In simple words: Herpesviral meningitis is a brain infection caused by the herpes virus. It can cause symptoms like fever, headache, stiff neck, and sensitivity to light. In severe cases, it can lead to seizures or other complications.

Herpesviral meningitis is an inflammation of the meninges, the protective membranes surrounding the brain and spinal cord, caused by the herpes simplex virus (HSV). This infection can manifest as fever, severe headache, neck stiffness, light sensitivity, nausea, vomiting, sleepiness, reduced appetite, delirium, and lethargy. Severe cases can lead to seizures, hydrocephalus (fluid buildup in the brain), or mental retardation.
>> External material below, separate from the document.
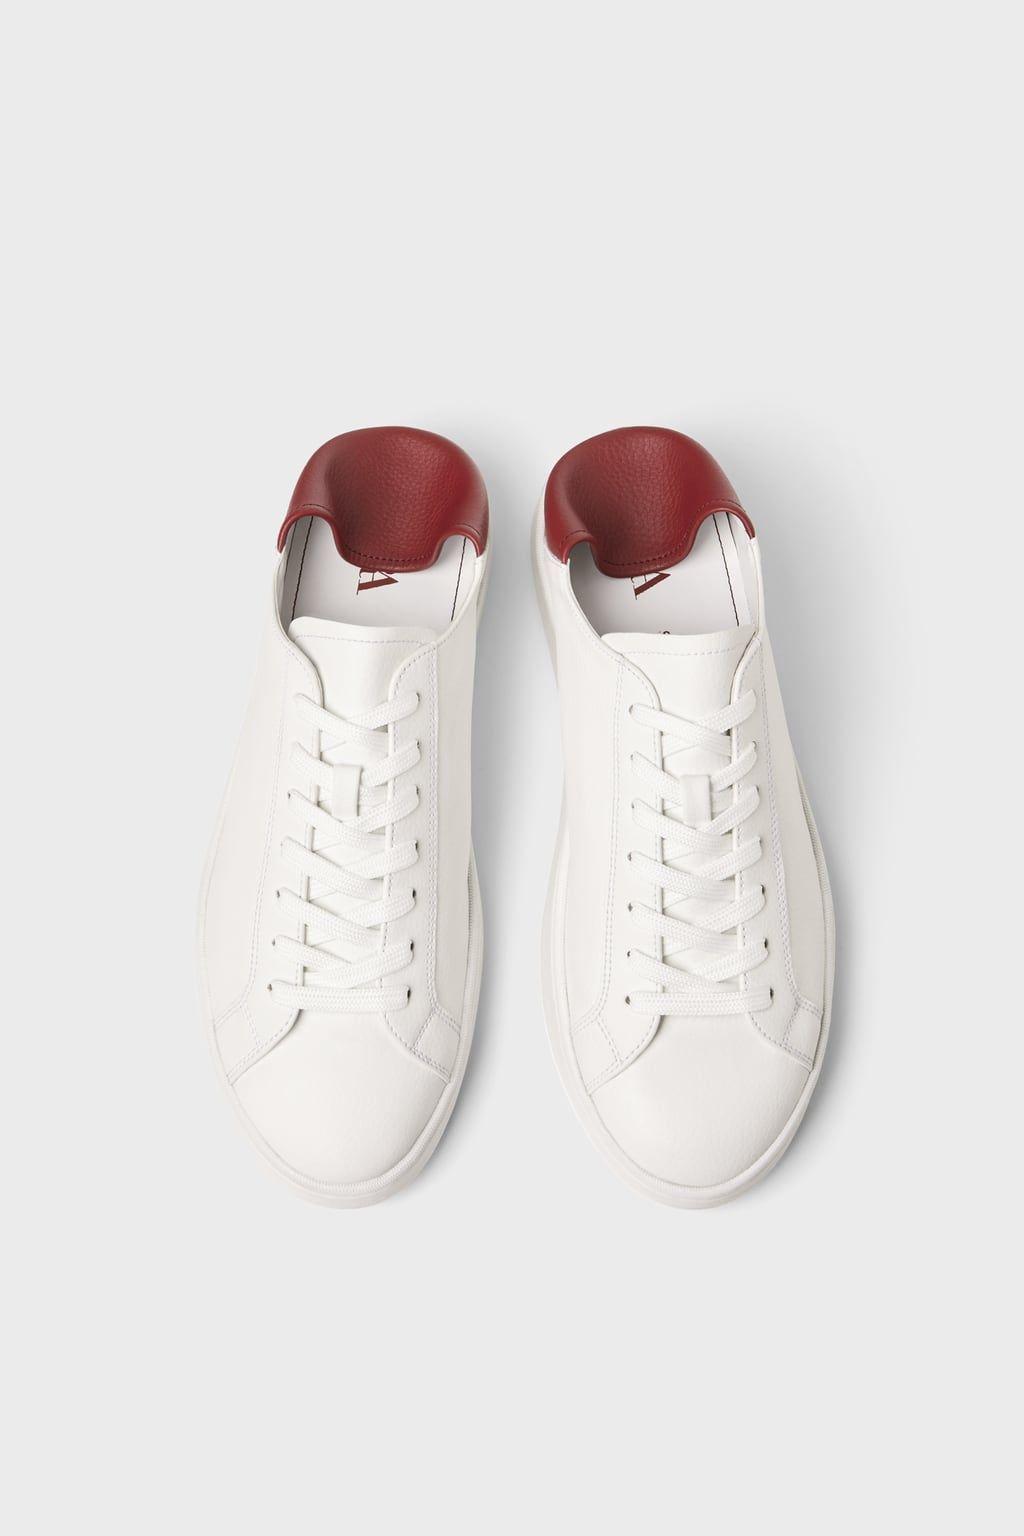 Sepatu Sneakers Putih Slingback Dua Warna Sepatu Sepatu Kets Zara

Example 1: A 25-year-old female presents with fever, severe headache, stiff neck, and sensitivity to light. PCR of cerebrospinal fluid confirms herpesviral meningitis., A newborn infant develops fever, lethargy, and poor feeding. Testing reveals herpesviral meningitis transmitted from the mother during delivery., A 40-year-old male with a history of recurrent herpes experiences fever, headache, and seizures. Imaging studies and CSF analysis confirm herpesviral meningitis.

Documentation should include patient history, physical and neurological exam findings, results of imaging studies (CT, MRI, cerebral angiography, EEG), and laboratory tests, including PCR of cerebrospinal fluid. Details of treatment with antiviral medications should also be documented.